Sin embargo, aquí conviene hacer una importante distinción. Como
quiera que los accidentes del pan que “contienen” la sustancia del Cuerpo
de Cristo están localizados, determinan la presencia sacramental de Cristo
dentro de los límites espaciales que ellos ocupan. Por esto decimos que el
Cuerpo de Cristo está “en el tabernáculo”, o “en la custodia”, o “en la
patena”. El está sustancialmente donde estuvo el pan. Repitamos una vez
más que la presencia sacramental de Cristo no es menos real que su
presencia natural. Está tan verdaderamente presente en el Santísimo
Sacramento como lo está en los cielos; pero el modo de su presencia es
completamente distinto, hecho este último que con frecuencia se olvida
por escritores piadosos que tratan la presencia sacramental como si fuese
una presencia local un poco disfrazada. De hecho, es un tipo de presencia
completamente distinto, único y sin paralelo en el orden natural.
En la metafísica aristotélica, una sustancia material entra sólo en
contacto con la realidad externa a través de los accidentes que la com-
pletan. Ahora bien, los accidentes propios del Cuerpo de Cristo están
ocultos, como si dijéramos, dentro de su sustancia. Por consiguiente, Él no
está en contacto directo con ninguna realidad material o espacial, ni puede
realizar ninguna acción corporal o soportar ningún sufrimiento que
implique ese tipo de contacto. Cuando, al Pax Domini, la Hostia es
dividida, el Cuerpo de Cristo no se divide, y, por supuesto, no sufre ningún
dolor. Si la Hostia se corrompe en el tabernáculo, el Cuerpo de Cristo no se
corrompe. Cuando los accidentes de pan y vino se disuelven dentro del
comulgante, el Cuerpo de Cristo no se disuelve. Pero cuando se le recibe
en la Comunión, su recepción es literalmente verdad, ya que en la
comunión se da la sustancia de su Cuerpo y su Sangre.
Al propio tiempo, debemos recordar que la devoción cristiana nunca
separa en la práctica los accidentes del pan de la sustancia de Cristo bajo
las especies sacramentales.

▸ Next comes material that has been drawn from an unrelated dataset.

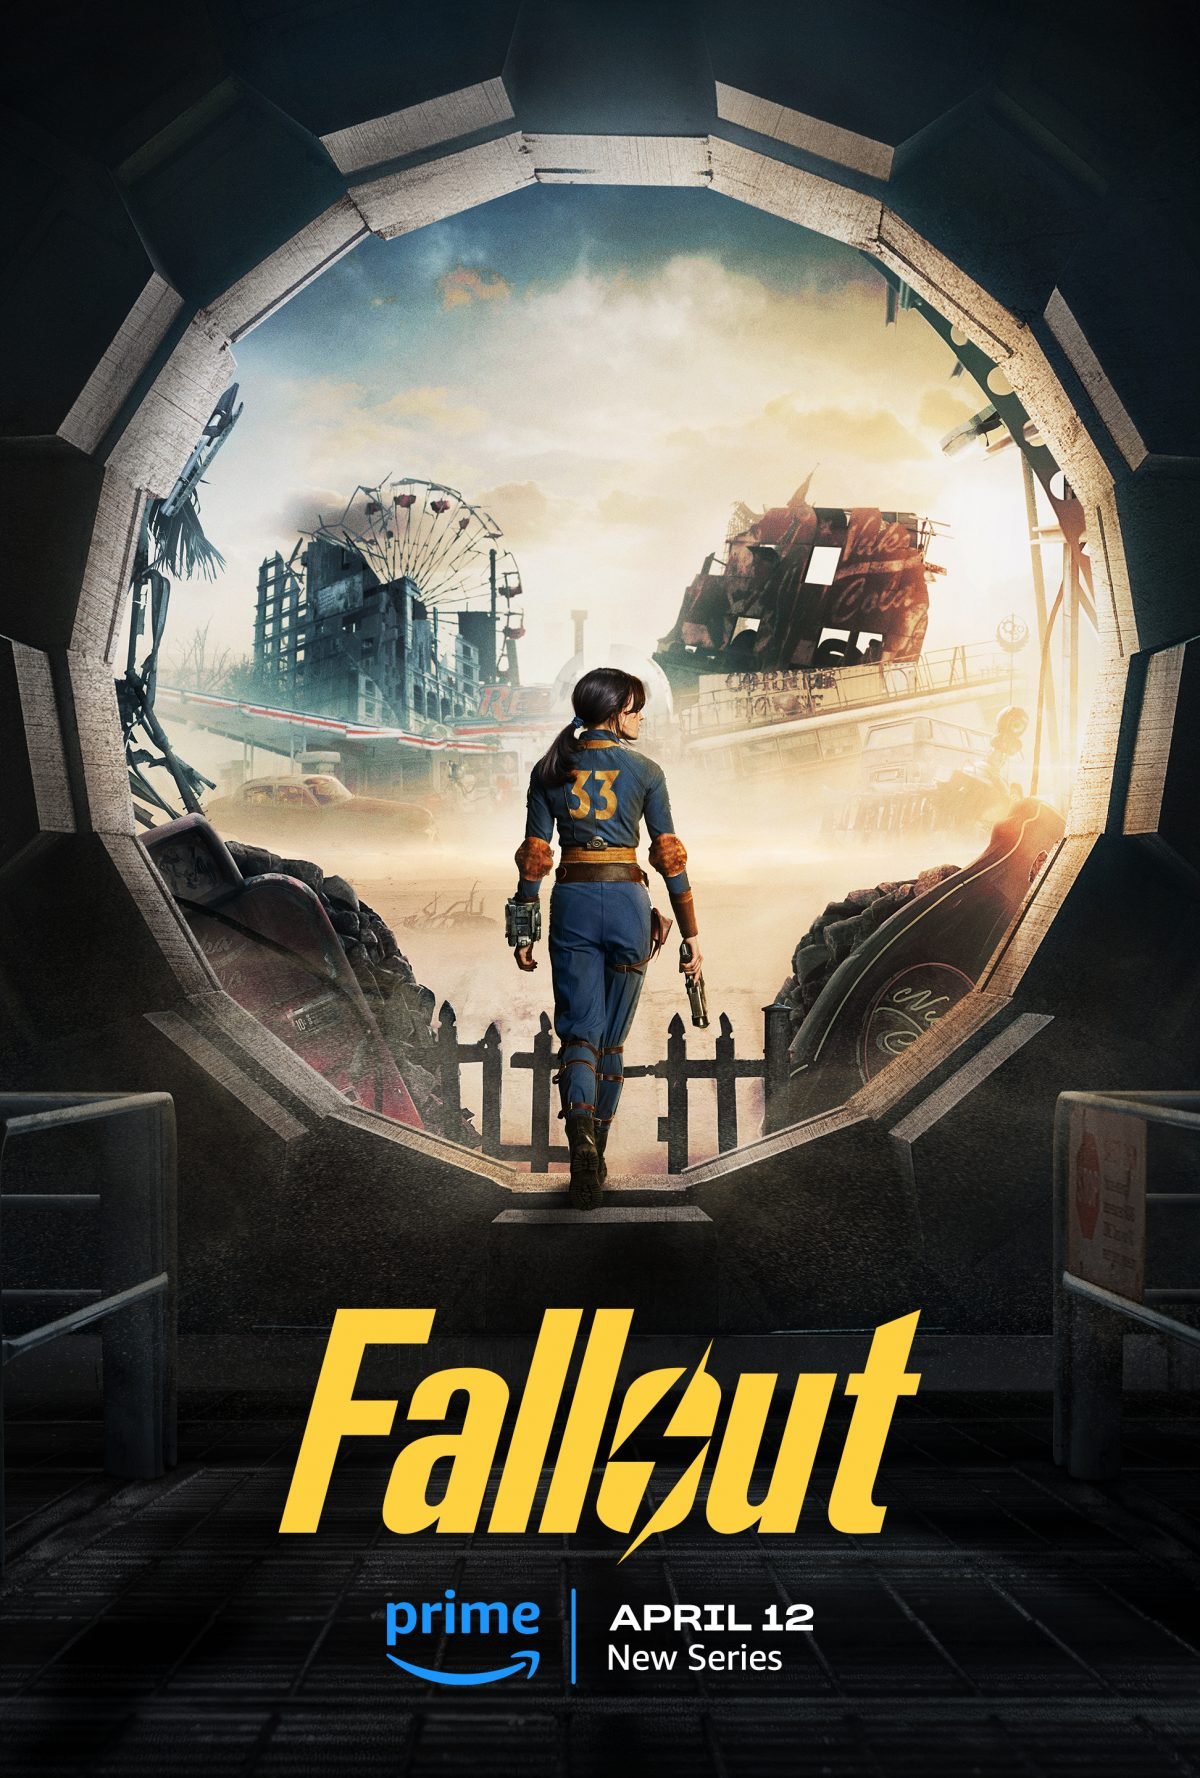 Lucy, a Vault Dweller in a blue jumpsuit with the number 33 on the back, stands in a door way looking at the Wasteland

El Sacramento es una unidad integral, y es
asimismo una cosa sensible. La adoración que se ofrece a la Santa
Eucaristía se ofrece a Jesucristo, realmente presente en el Sacramento, y el
hecho de que su Cuerpo no sufra cuando los accidentes del pan se parten
no es una razón para tratar las especies sacramentales con descuido o
indiferencia. Deben ser respetados por amor de Aquel a quien contienen y
54
a quien, en ellas, adoramos. Si todas las criaturas de Dios son buenas y
santas por haber sentido el tacto de su mano creadora, ¿cuánto más santos
serán estos humildes elementos materiales que el poder divino elevó a la
sublime función de desempeñar una parte instrumental en su obra de
santificación?
Y, sobre todo, ¿cuánta reverencia’ debemos sentir por estas sencillas,
humildes especies que Él se dignó tomar como su vestidura sagrada al
venir a nosotros como el alimento de nuestra alma?

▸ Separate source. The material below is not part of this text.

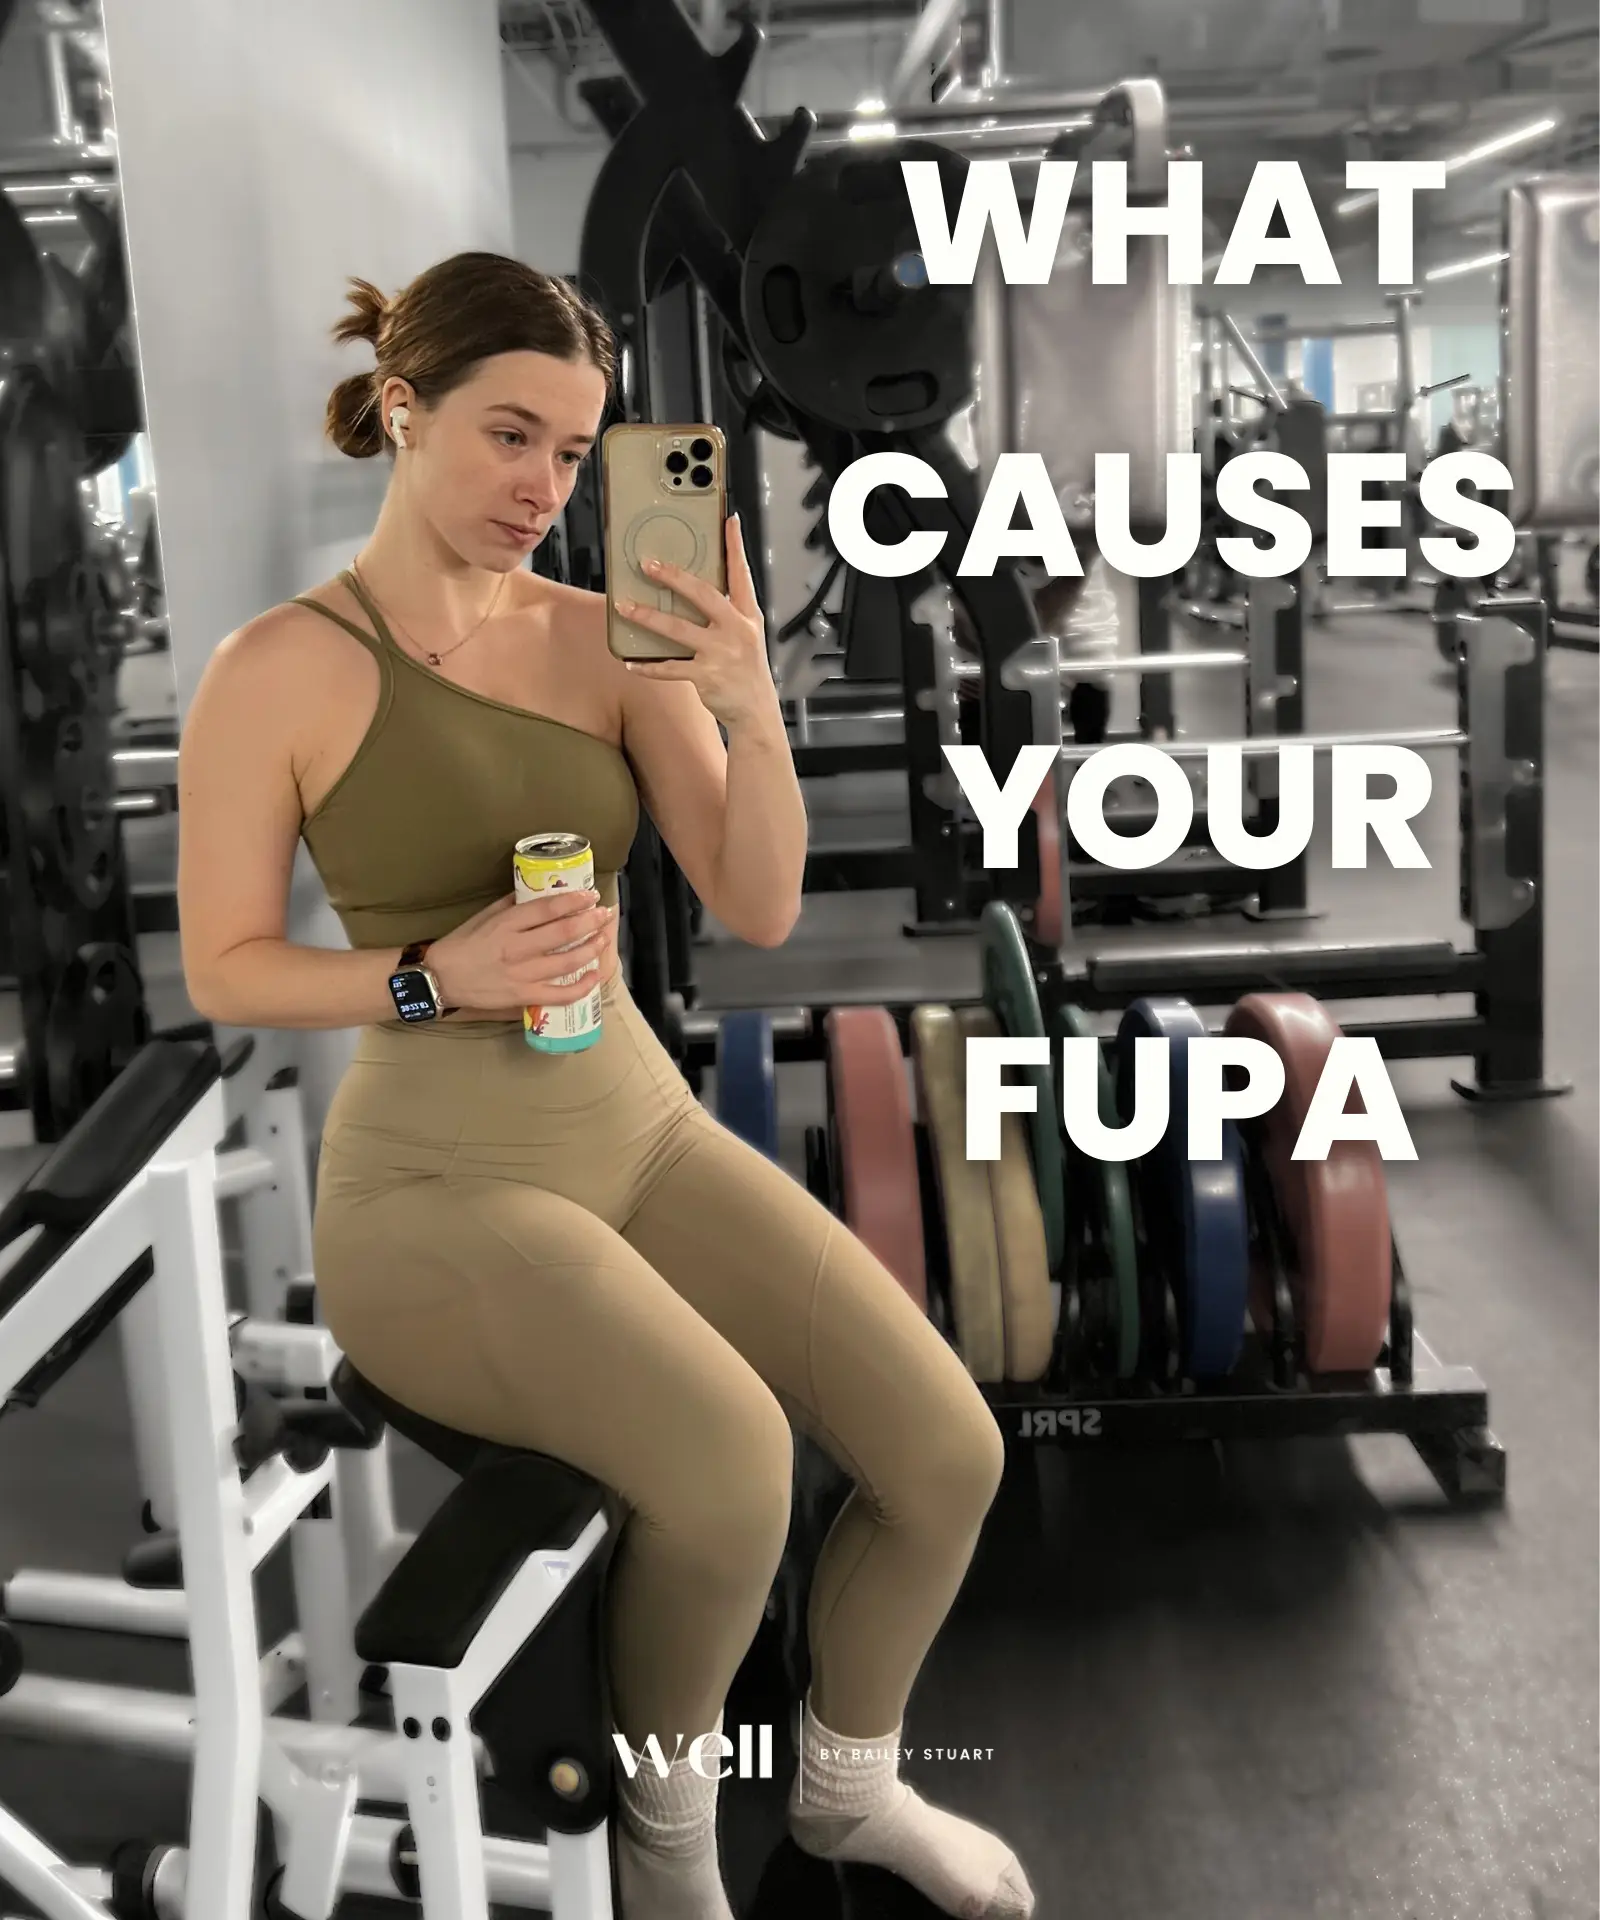 Get Rid of Your FUPA at Home  Got a FUPA? Try This Workout NOW for Results

Y todavía debemos llevar más lejos este sentido de la unidad de ser
sacramental. La Eucaristía no es un símbolo de algo más grande que ella
misma. No es meramente un “signo” del Cuerpo de Cristo, es el Cuerpo de
Cristo. Esto es algo que nunca se repetirá bastante.
De aquí que no tengamos por qué esforzar nuestra mente o nuestra
imaginación para ver a través del Sacramento. La contemplación
eucarística no es un juego del escondite en el que, si logramos dar con la
fórmula secreta de oración, podemos descubrir al Cristo oculto. Es éste un
error perjudicial para nuestra alma y que no tributa un auténtico honor al
Santísimo Sacramento. En realidad, implica un error fundamental en lo
que el sacramento es. Presupone que el sacramento es un ser que encubre
otro ser, y que esta otra realidad es la presencia natural de Cristo. ¡En
absoluto! Como dice Santo Tomás: “Nuestros ojos corporales no pueden
tener una visión directa del Cuerpo de Cristo a través de las especies
sacramentales bajo las que existe, no sólo como a través de una especie de
envoltura, como no podemos ver lo que está oculto a través de un velo
corporal, sino porque el Cuerpo de Cristo dice una relación al medio que
rodea a este sacramento, no a través de sus propios accidentes, sino de las
especies sacramentales”16.
Y Dom Vonier añade que los sacramentos de la Nueva Ley no son de
ninguna manera los “elementos débiles y bajos” que despreciaba San
Pablo, es decir, los velos de realidades más altas. “Ellos no están velando
nada, sino que son realidades completas en sí mismas, existiendo con
pleno derecho... Nada hay semejante a los sacramentos en los cielos o en la
tierra, y sería un gran desprecio de su carácter el mirarlos como simples
velos de realidades espirituales más sustanciales”17.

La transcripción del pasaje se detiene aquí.